Decision-making is a funny thing. Part information, part psychology, often the results have little to do with critical thought and a lot to do with emotion. Often one emotion in particular rules over our reason: ego.
It’s the cause of every classic failure. The drive to carry on despite the many warning signs, the logic that says, “We’ve already spent 5 times our budget, we can’t stop spending now”, the blind overcommitment that pushes us beyond reason (and then some).
Behind it is the most basic human emotion: the protection of self that doesn’t want to admit we started out in the wrong direction. Ego tells us to ignore the warning signs, keep pushing and it will all work out in the end. Funny how those types of decisions rarely do.
How to Avoid Ego-Driven Decision-Making
Decide Slowly – Give yourself time to fully evaluate new directions. Look at it from every angle, ask questions and play out the “What if” scenarios. If possible, set up a test project to try out the new direction on a small scale before committing.
Set Time Limits – Place time limits on how long you will give a new initiative before calling it quits. Deciding how long to give a new direction before you launch eliminates the spiral of bad logic that tells you to “Give it just one more month.”
Pay Attention to Metrics – Constantly monitor and measure key success metrics, especially for new programs. Give them every chance to succeed by adjusting tactics and analyzing outcomes, but be prepared to pull the plug if it doesn’t pay off quickly.
Turn Off Emotion – Establish a core value system for weighing key decisions. For example, you may include personal enjoyment, skill development, and spiritual alignment as key values in determining new directions. That way if a new opportunity doesn’t fit, it doesn’t fit.

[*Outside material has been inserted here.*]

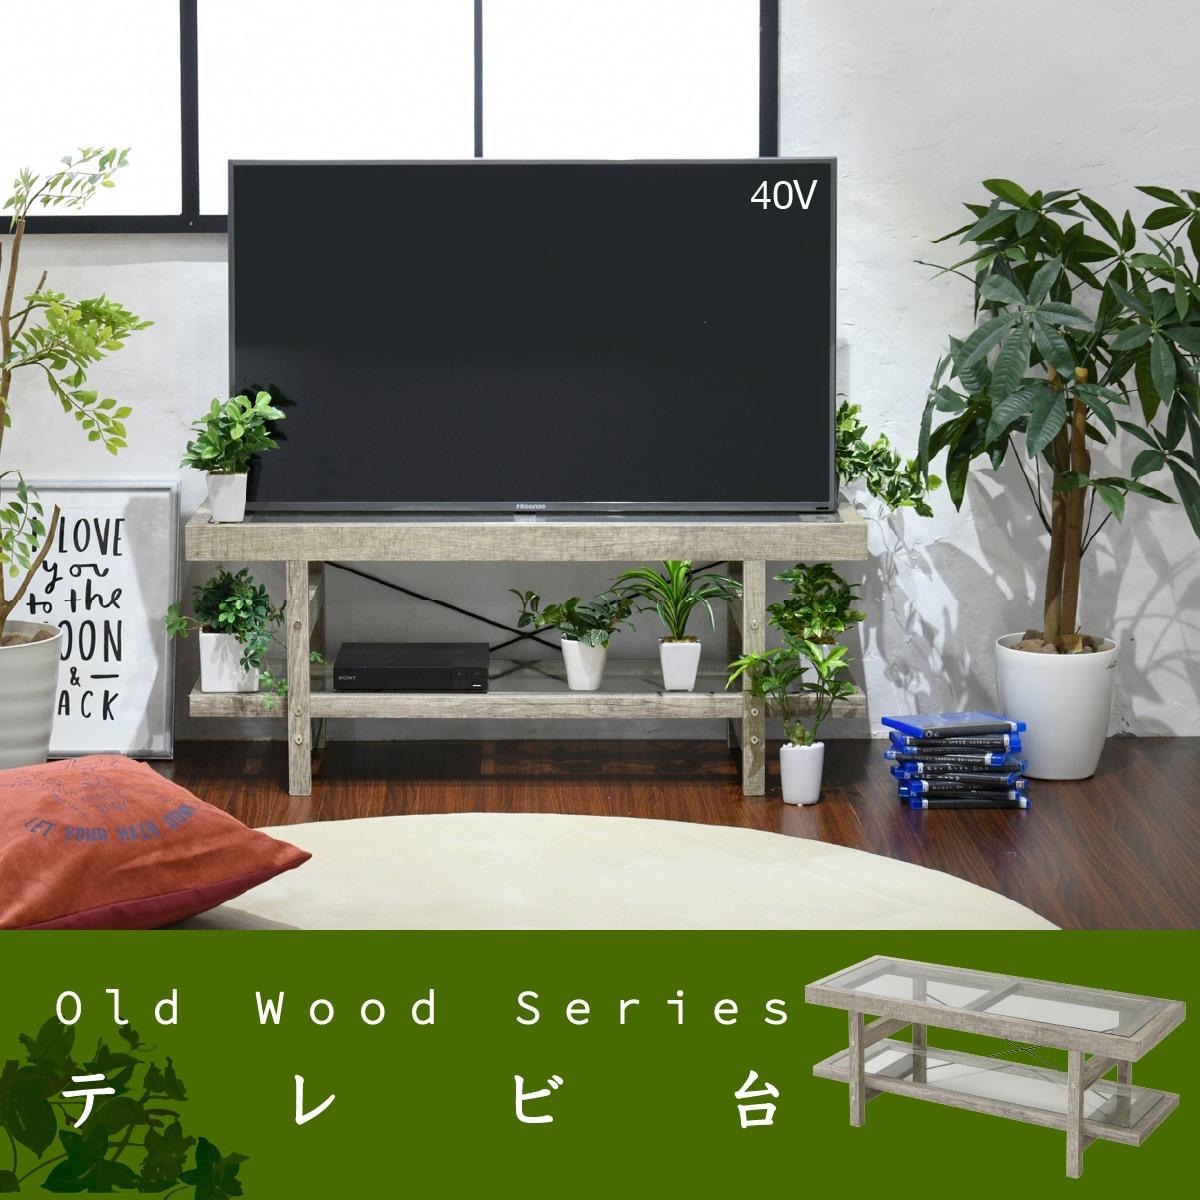 古木シリーズ テレビ台 ガラス 幅100 奥行36 古木風 40インチ テレビボードFAW-0006

Watch for Signs of Ego – Pay attention to your own warning signs. Are you anticipating how other people will view your change of course and role-playing a justification speech? That’s a sure sign your inner voice is telling you something you don’t want to hear.
What other emotions are influencing your business decisions? Guilt? Obligation? Fear? The secret to not being swayed by them is recognizing them and stepping back in order to make your decision.